Figure 4: Count array per portfolio
Figure 5: Count array over all stocks

Why taking last year’s estimates works so well?

The averaging strategy rolling geometric average with a window size of one year which corresponds to taking last year’s estimate i.e. assumes 0% growth works extremely well as shown in the figures above for quite some stocks. To understand on why this is the case it is very instructive to compare the securities for which the last year’s estimate was best vs. securities for which the rolling ema over a window size of 5 year was best to estimate next year’s dividend growth. Let’s first consider and example for which the ema filtering works best. In the upper plot of the figure below you can see the real dividend growth (red line) vs the ema estimate (grey line) with a rolling window size of 5 years for the security VYM. As you can see the gray line tracks the red line quite close.

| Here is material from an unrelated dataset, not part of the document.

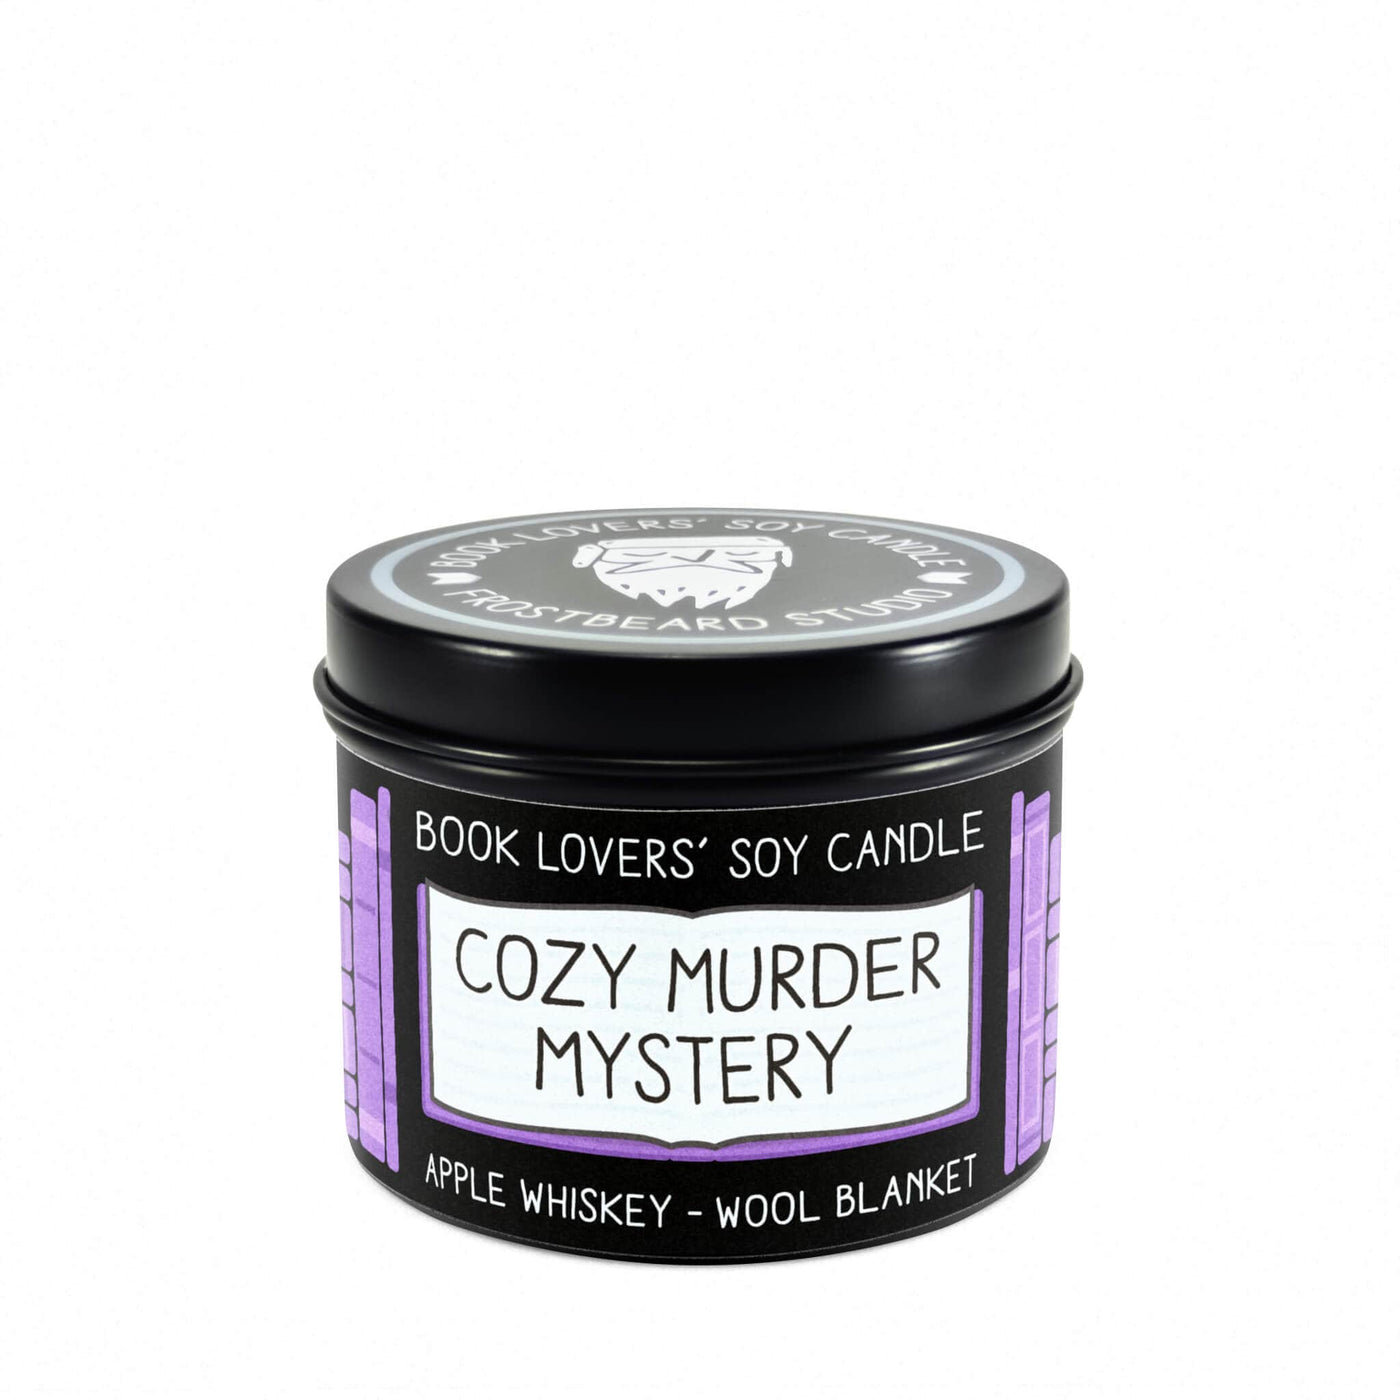 Cozy Murder Mystery  -  4 oz Tin  -  Book Lovers' Soy Candle  -  Frostbeard Studio

Unsurprisingly, the root mean square deviation (RMSD) is only around 4% with this security and also best for this security as the lower plot of the visualization of the RMSDs for all potential estimation techniques nicely shows.

Figure 6:

Now, let’s consider the same plots for security NWL in the figure below. As you can see in the upper plot there are several peaks in the dividend growth graph (red line) that are badly tracked by the estimate (grey line). What makes it worse is that there is some kind of zigzagging motion of the real dividend growth. This makes the estimate deviate not only while the peak occurs but also in the ensuing year. This behavior is responsible that assuming 0% growth in the ensuing year is superior for those stocks as visualized in the lower plot with the RMSD values for all potential filter techniques. As can be seen the RMSDs are very high for all filtering techniques in this scenario. Nevertheless assuming 0% growth trumps the others.

Figure 7

Conclusion

By comparing the different filter techniques and different window sizes by using the RMSD over different portfolios we could find the two best averaging techniques namely either rolling ema dividend growth per year with a window size of five years and rolling geometric average dividends growth per year with a window size of 1 i.e. assuming zero growth. We could show that assuming zero growth works best if there are a lot of fluctuation in the dividend growth rate. The question arises whether instead of just using one of two filtering techniques it wouldn’t be better to use a combined adaptive approach. This topic is planned to be analyzed in the next blog entry.